___ PROVIDED RECORDS

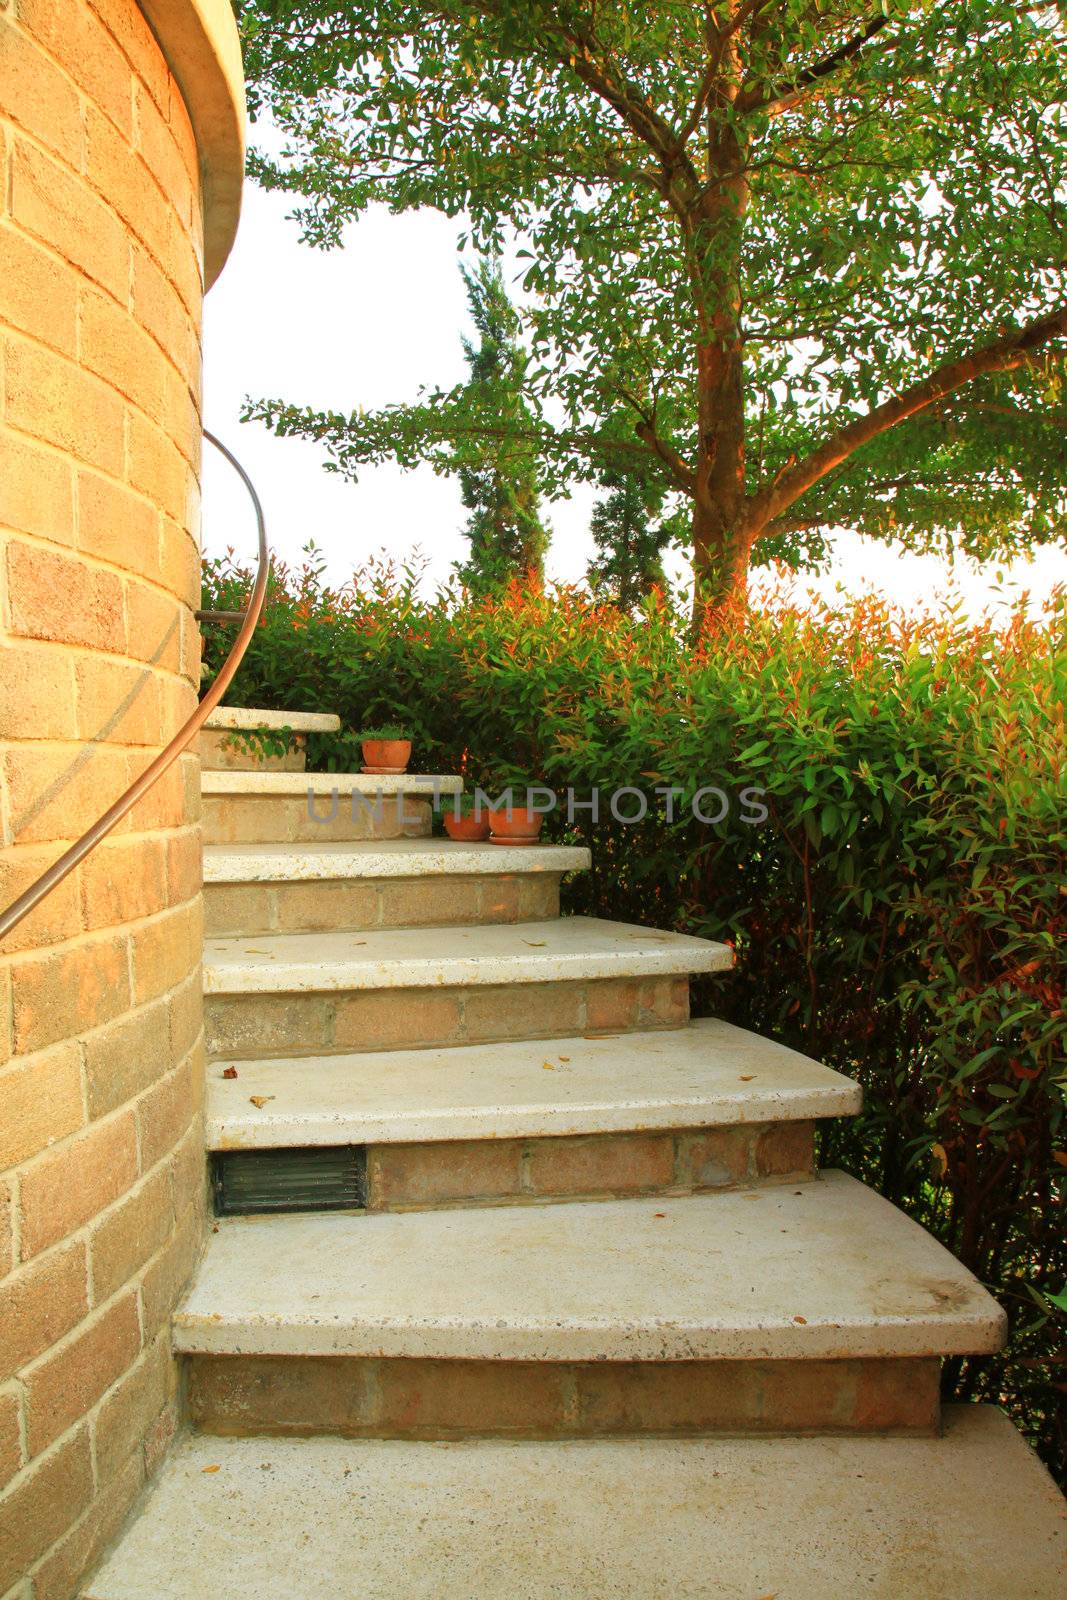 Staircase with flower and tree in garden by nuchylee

______
___ PROVIDED RECORDS

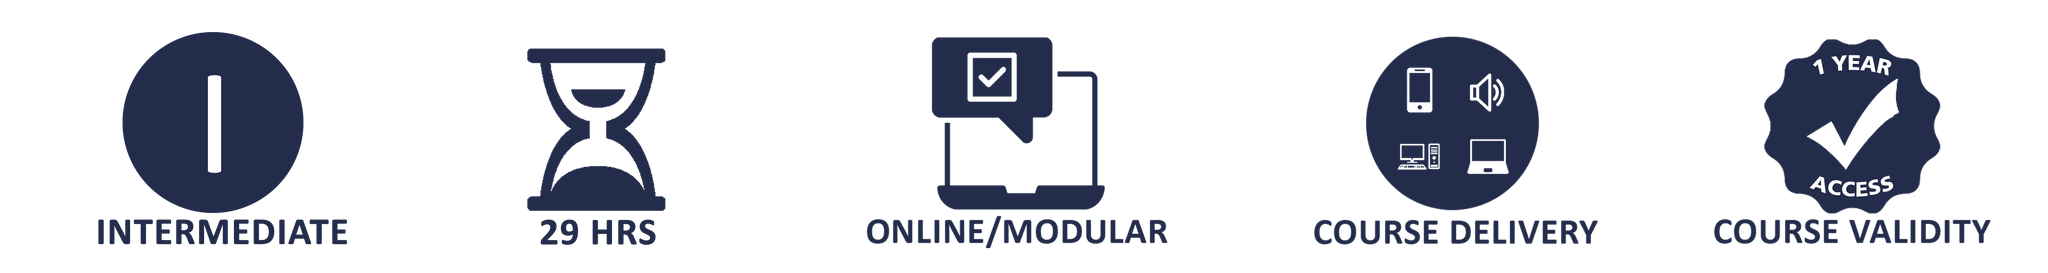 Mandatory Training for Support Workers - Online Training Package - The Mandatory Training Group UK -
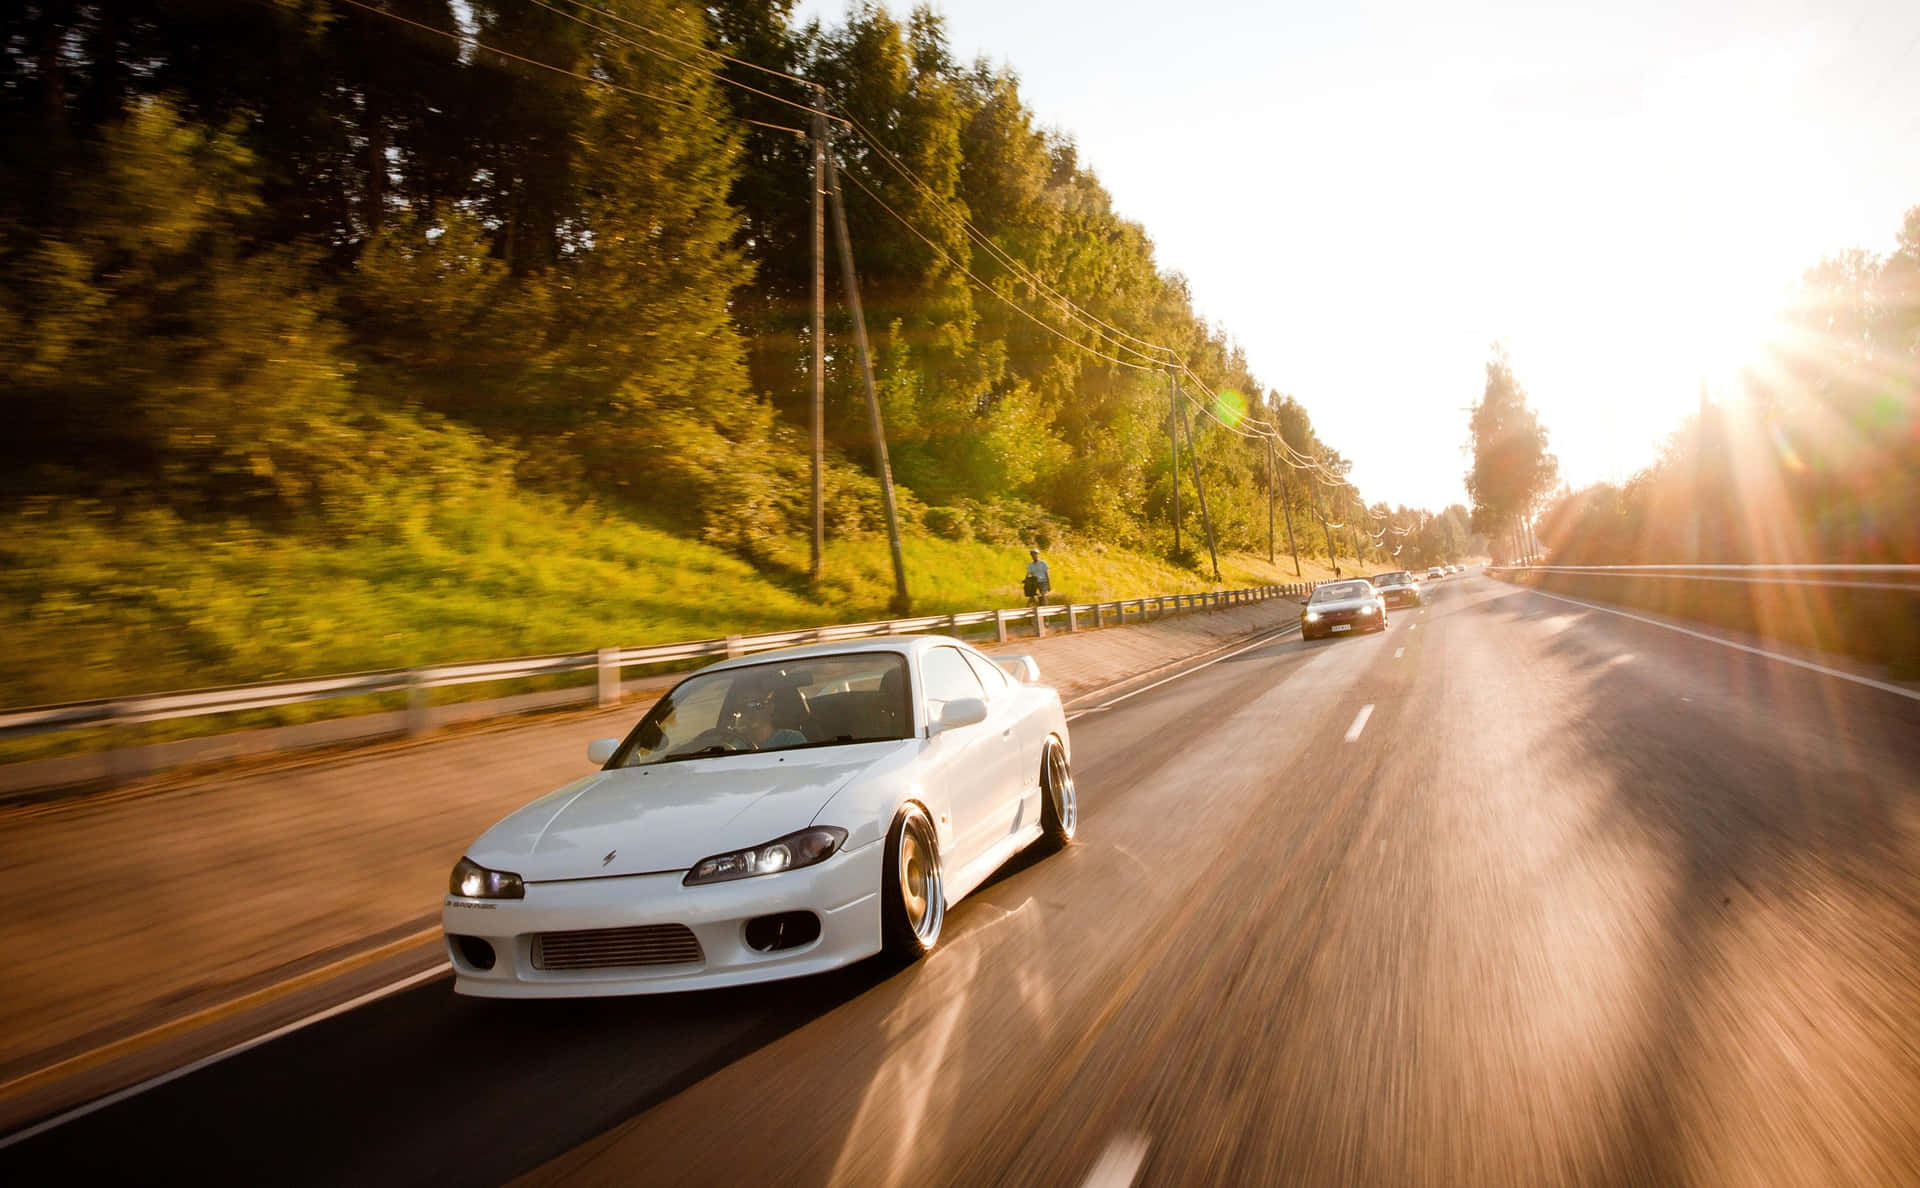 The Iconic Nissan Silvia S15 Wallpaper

______

REQUIREMENT » Within the listing above, find the line containing "Mandatory Training for" and the line containing "The Iconic Nissan Silvia S15 Wallpaper". Transcribe them and everything between them exactly, leaving out the pictures.

THE COMPLETED TASK »
 Mandatory Training for Support Workers - Online Training Package - The Mandatory Training Group UK -
 The Iconic Nissan Silvia S15 Wallpaper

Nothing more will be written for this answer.